Do you know what the price of gas will be in six months? How about the extent of the expected U.S. troop drawdown in Afghanistan by year’s end? As an individual, predicting such things with any degree of confidence may seem the stuff of science fiction, but UC Irvine cognitive scientists say it’s possible.

“As a group, people are collectively more intelligent than you might think,” says professor Mark Steyvers. “We all possess knowledge about different things, some more than others. If we pool these pieces of knowledge together, we can get a pretty accurate look at the big picture.”

It’s called the “wisdom of crowds” effect, and researchers are hoping to get your help putting it to the test.

Steyvers and fellow UCI cognitive sciences professors Michael Lee and William Batchelder are part of a national team given a grant by the Intelligence Advanced Research Projects Activity to develop statistical models based on the crowds concept that can, with increasing precision, forecast the future.

Working with the UCI trio are scientists from the University of Maryland, the University of Michigan, The Ohio State University, Fordham University, Wake Forest University, Wichita State University and private company Applied Research Associates.

They constitute one of five national teams to be funded by IARPA and must meet yearly goals to continue receiving support from the government agency.

In July, the UCI/multi-university team launched its models via a software program called Forecasting Ace. Through volunteer participation, the program will collect individual opinions on the likelihood of certain events within a specified time frame.

Before providing input, contributors must complete a short questionnaire in which they rate their subject-matter expertise in areas including science and technology, business and the economy, politics and policy, military and security, and sports and health.

After the self-assessment, participants can choose which questions about the future they’d like to answer. The software then aggregates and analyzes the collected data using models of human decision making created by the UCI scientists.

“Finding wisdom in crowds is fundamentally a cognitive science problem, because it’s about how people acquire knowledge and make judgments,” says Lee. The concept, while relatively recent, is similar to cultural consensus theory, which Batchelder has been developing for 30 years.

The newer computer and cognitive aspects draw on the expertise of Lee and Steyvers, who have been perfecting these modeling methods at UCI over the past four years through numerous lab experiments and analyses of real-world behavioral data. The professors, along with two student researchers, won a best-paper prize for this work at the July conference of the Cognitive Science Society.

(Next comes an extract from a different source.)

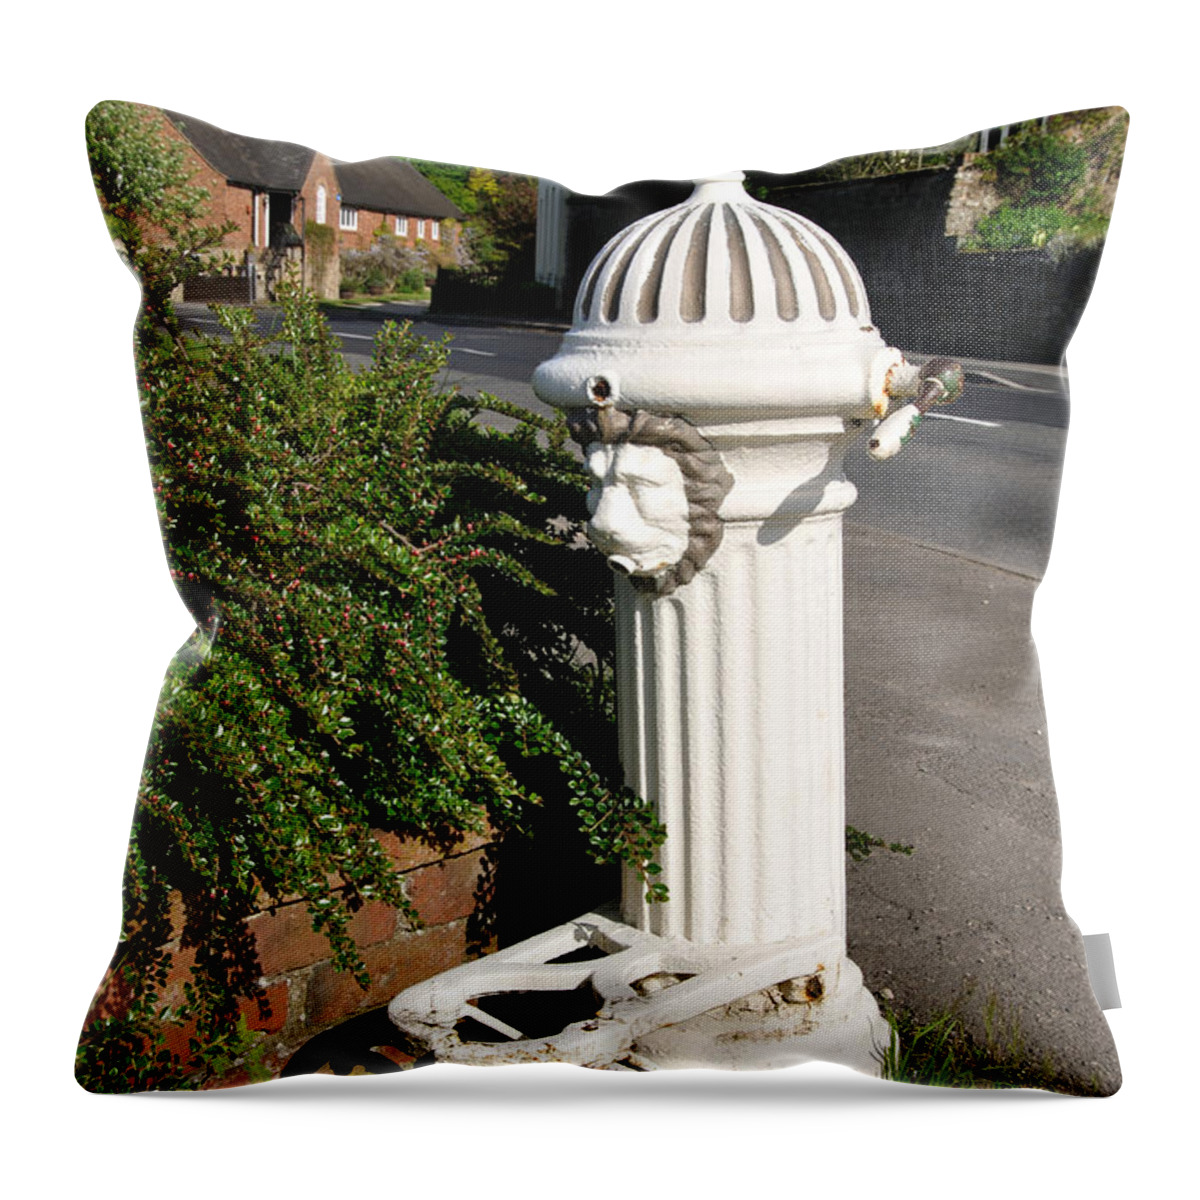 Europe Throw Pillow featuring the photograph Ticknall Village Water Tap by Rod Johnson

The qualitative and quantitative results from these various studies have helped them construct novel ways of identifying experts by combining self-reported expertise levels and behavioral responses in their models.

As the time frame for a forecasting challenge – such as the likelihood of federal legislators agreeing to raise the U.S. debt ceiling by Aug. 2 – draws near, the UCI team runs the collected data through the models. During this process, “ace analysts” – true experts in their field – are identified, and their opinions are appropriately weighted, helping researchers derive a relatively sound prediction of the upcoming event’s outcome.

They currently don’t know a prediction’s degree of accuracy until the event does or does not occur, but continued data aggregation lets them hone the models to account for more complex and precise forecasting.

The resulting applied project has implications for government agencies interested in improving the accuracy of intelligence analysis. It may also have applications in the fields of business, medicine and policy.

Funding for the endeavor began in May and runs through April 2012, at which time it may be extended. During that period, the research program will strive to achieve a 20 percent increase in forecast accuracy compared with state-of-the-art alternatives. Subsequent years will aim for growth of 35, 50 and more percentage points.